Disease-associated variation is concentrated in DNase I hypersensitive sites. (A) Proportions of noncoding GWAS SNPs localizing within DHSs (green); in complete linkage disequilibrium (LD) (r2 = 1) with a SNP in a DHS (blue); or neither (yellow). Note that 76.5% of GWAS SNPs are either within or in perfect LD with DHSs. (B) Proportions of GWAS SNPs overlapping DHSs after partitioning by degree of replication. (C) Representative DNase I hypersensitivity (tag density) patterns at diverse disease-associated variants. (D) Proportion of GWAS SNPs localizing in DHSs active in fetal tissues that persist in adult cells (salmon); fetal stage-specific DHSs (red); and adult stage DHSs (green). (E) GWAS SNPs in DHSs show phenotype-specific enrichment for fetal regulatory elements.

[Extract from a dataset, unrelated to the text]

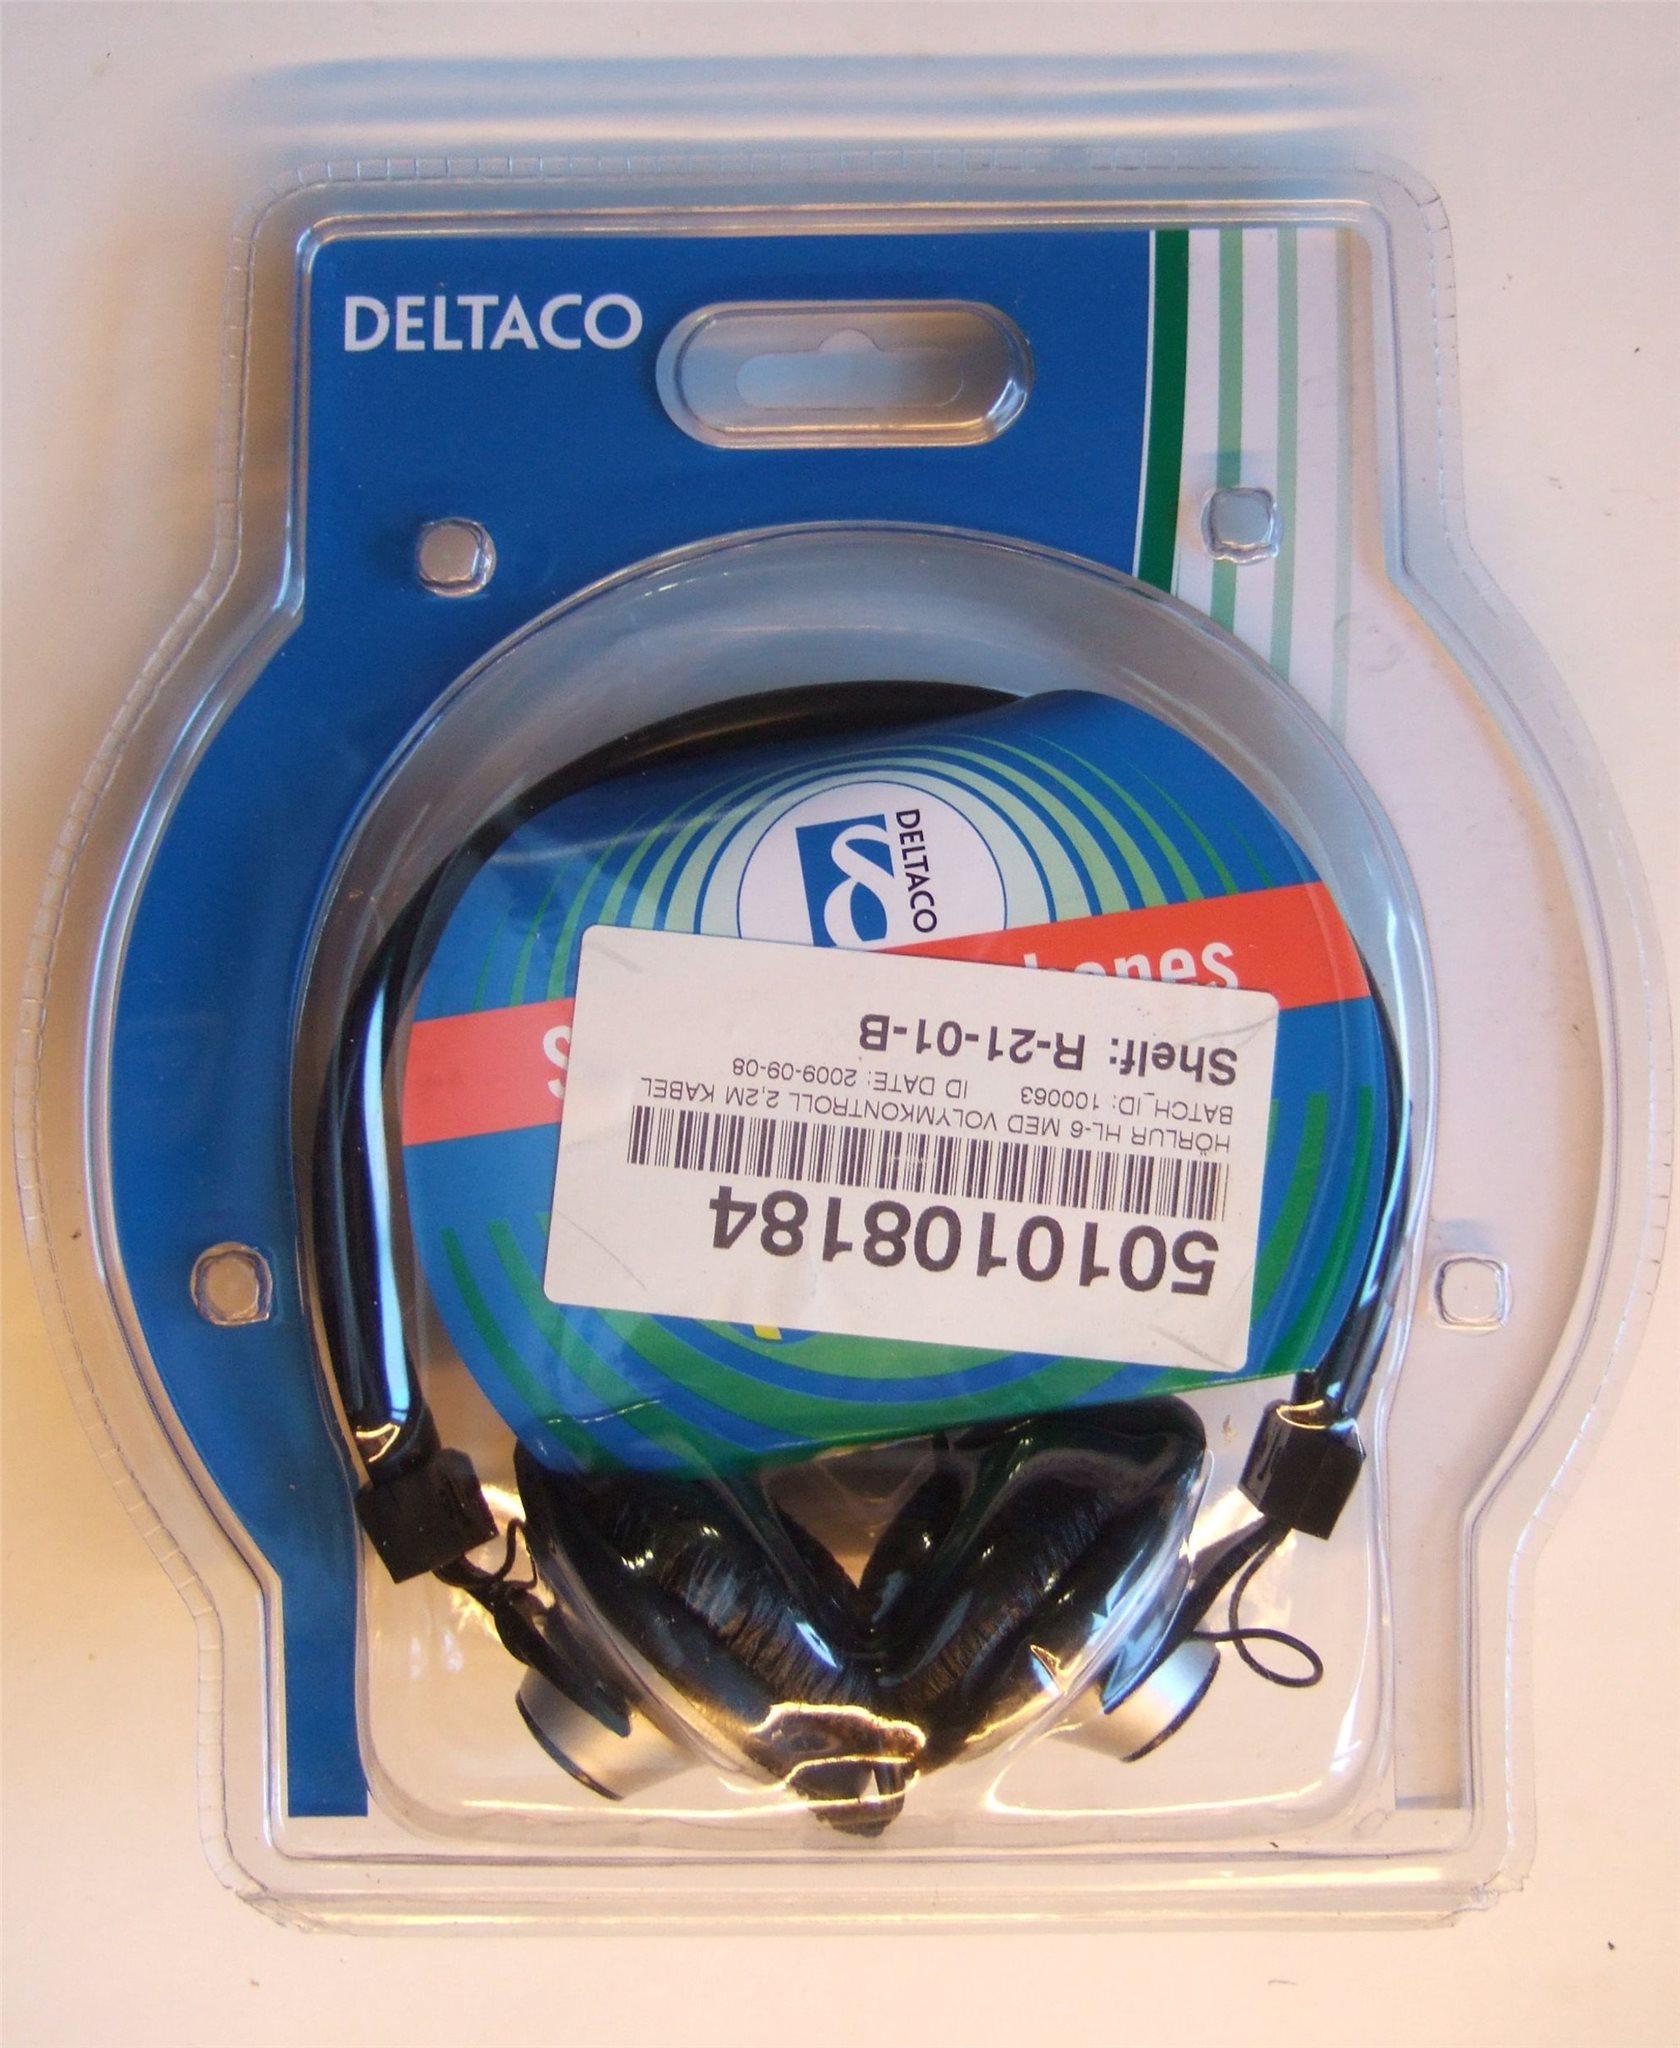 DELTACO Hörlurar i obruten förpackning (342610538) ᐈ Köp på Tradera e2eac1fbd6944
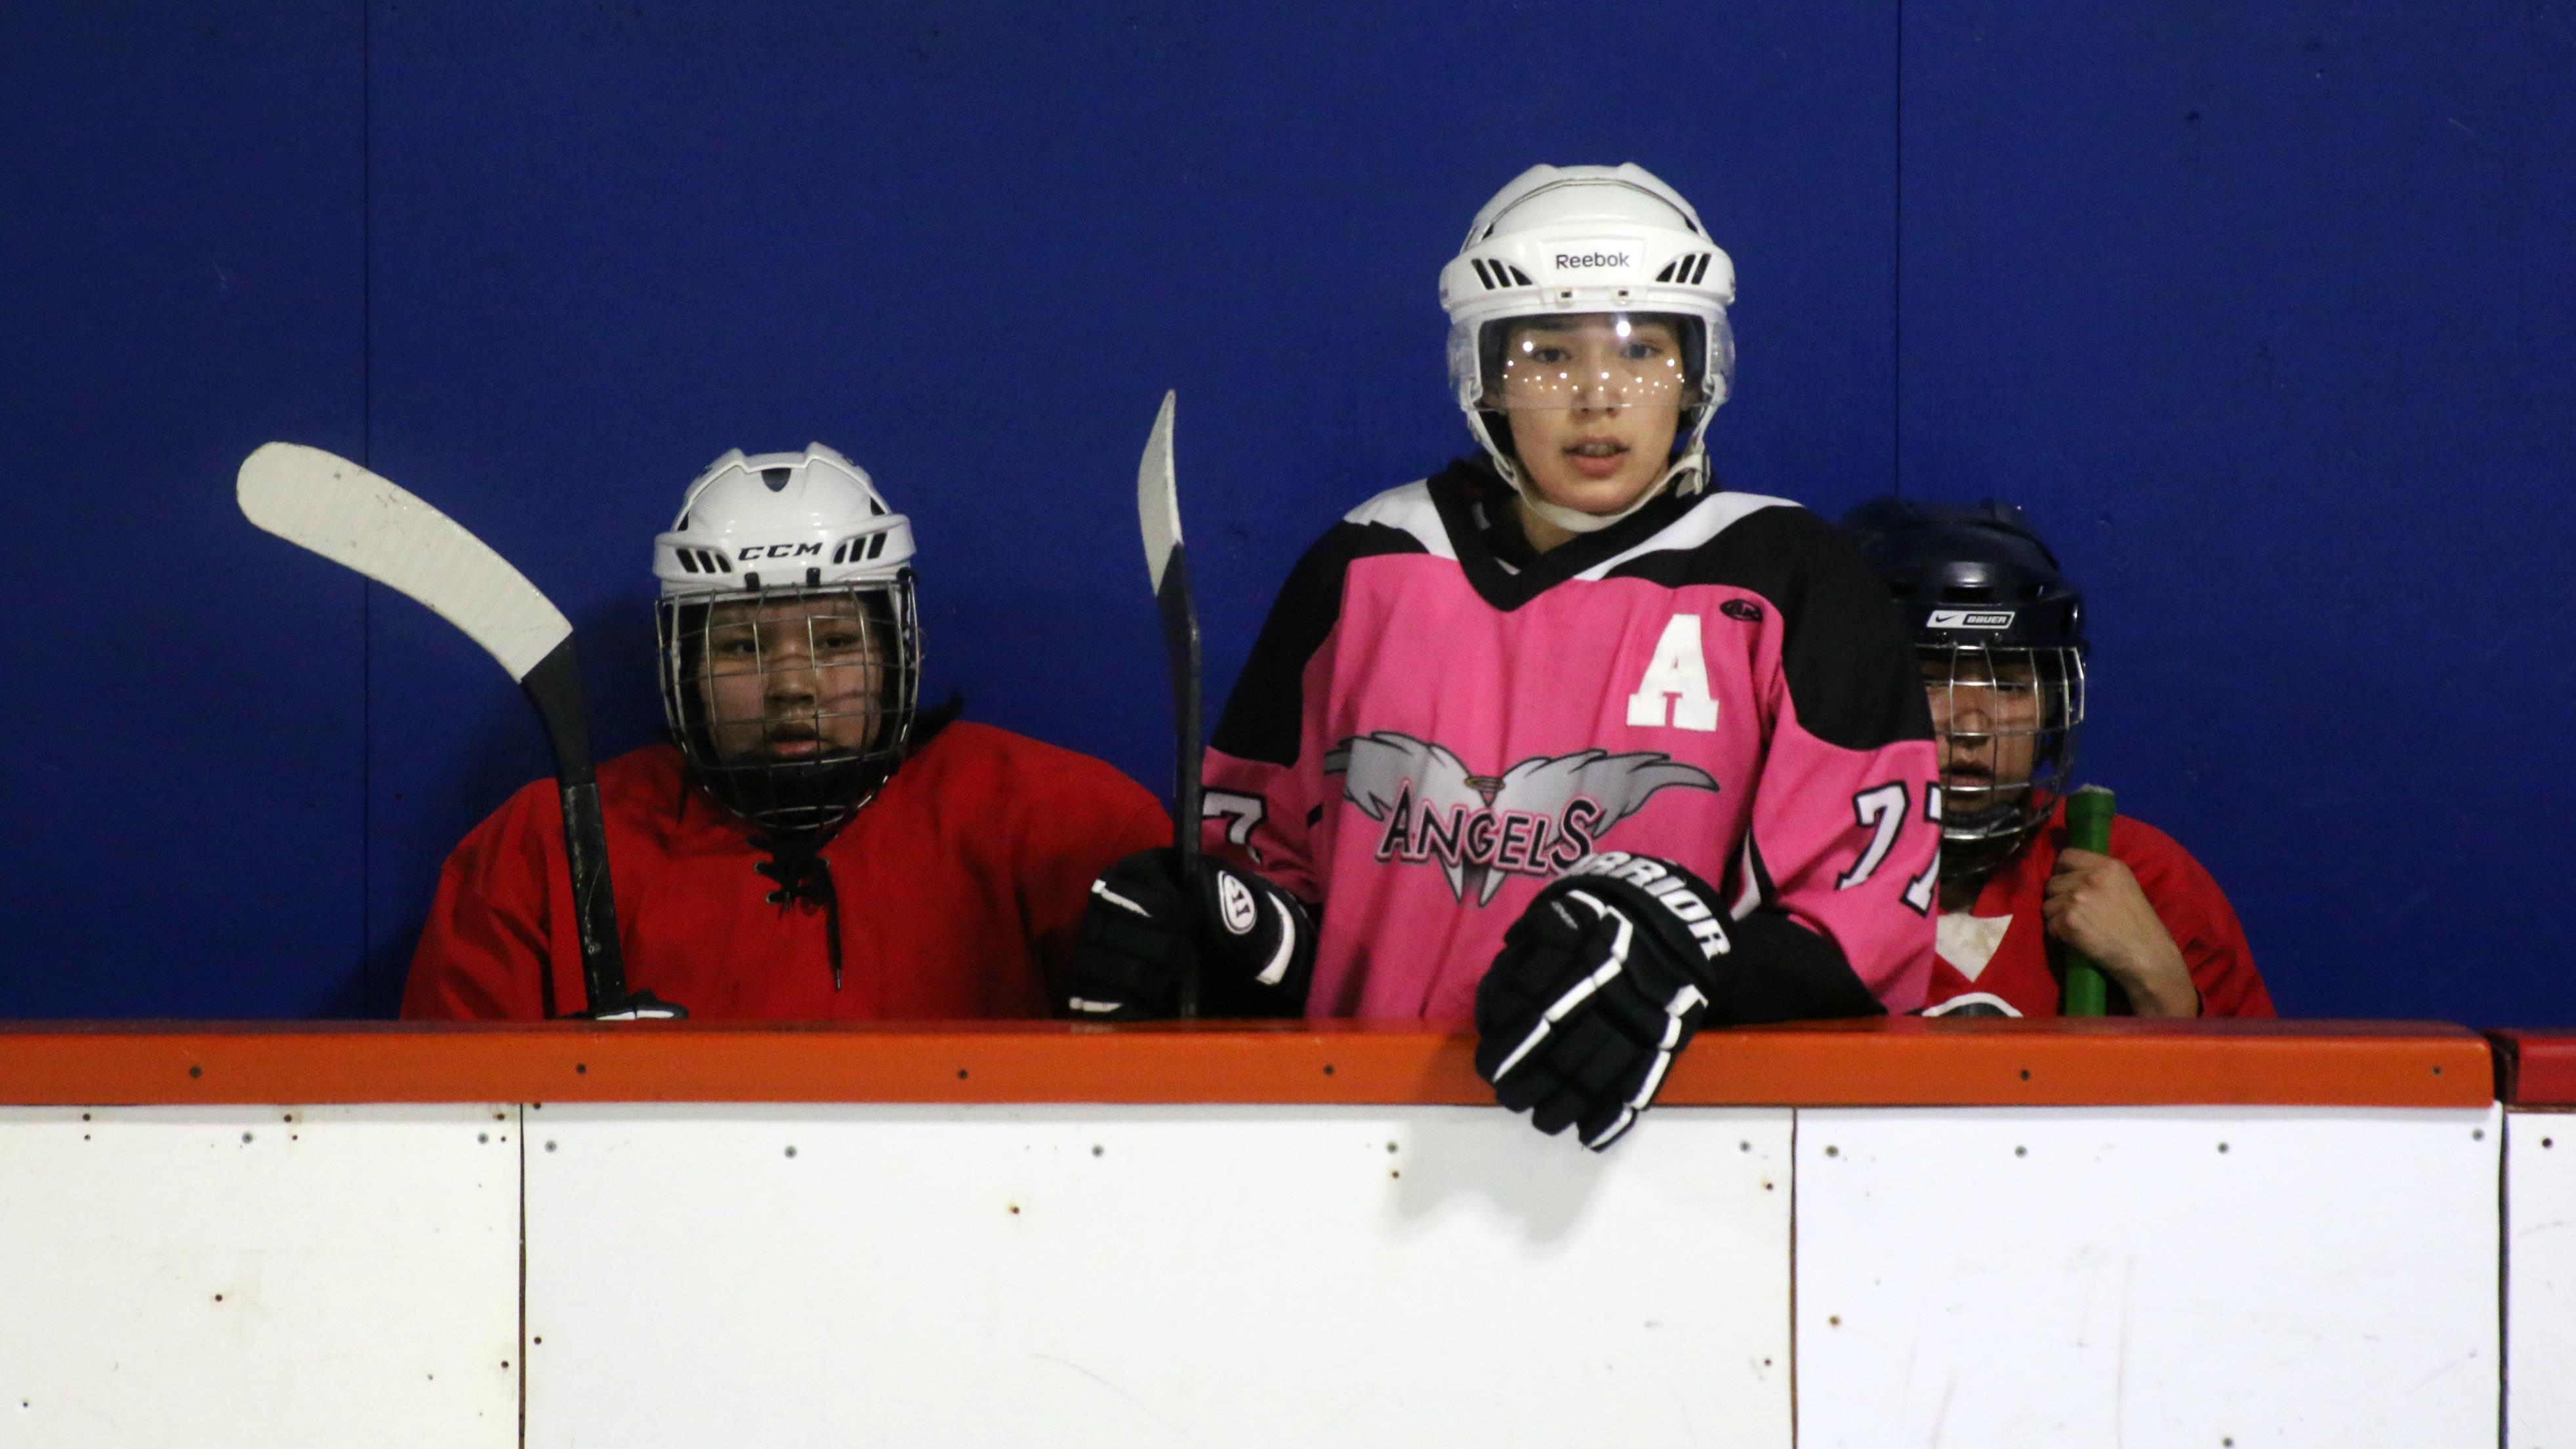 Des joueuses de hockey observent un match du banc de leur équipe, lors d'un tournoi de hockey autochtone à Val-d'Or.

In total, 47.5% of GWAS SNPs fall within gene bodies (fig. S1B); however, only 10.9% of intronic GWAS SNPs within DHSs are in strong LD (r2 ≥ 0.8) with a coding SNP, indicating that the vast majority of noncoding genic variants are not simply tagging coding sequence. Analogously, only 16.3% of GWAS variants within coding sequences are in strong LD with variants in DHSs. SNPs on widely used genotyping arrays (e.g., Affymetrix) were modestly enriched within DHSs (fig. S2), possibly due to selection of SNPs with robust experimental performance in genotyping assays. However, we found no evidence for sequence composition bias (table S3).

To further examine the enrichment of GWAS SNPs in regulatory DNA, we systematically classified all noncoding GWAS SNPs by the quality of their experimental replication. This disclosed 2436 unreplicated SNPs; 2374 “internally replicated” SNPs (confirmed in a second population in the initial publication); and 324 “externally replicated” SNPs (confirmed in an independent study) (table S2) (12). We observed a monotonic increase in the proportion of disease or trait variants localizing in DHSs with increasing quality of GWAS SNP experimental replication (Fig. 1B), as well as with increasing strength of association and study sample size (fig. S3). For externally replicated noncoding SNPs, 69.8% lie within a DHS (n = 226, P < 10−14, simulation, fig. S2). To exclude the influence of population stratification, we compared the fixation index in African and European populations between GWAS SNPs in DHSs and matched SNPs not in DHSs and found them to be nearly identical (FST= 0.0843 versus 0.0847, respectively) (12). The monotonic relationship between evidence for association and SNP concentration in DHSs strongly suggests that many variants are functional and that unreplicated or weaker associations may obscure the true degree of enrichment in DHSs.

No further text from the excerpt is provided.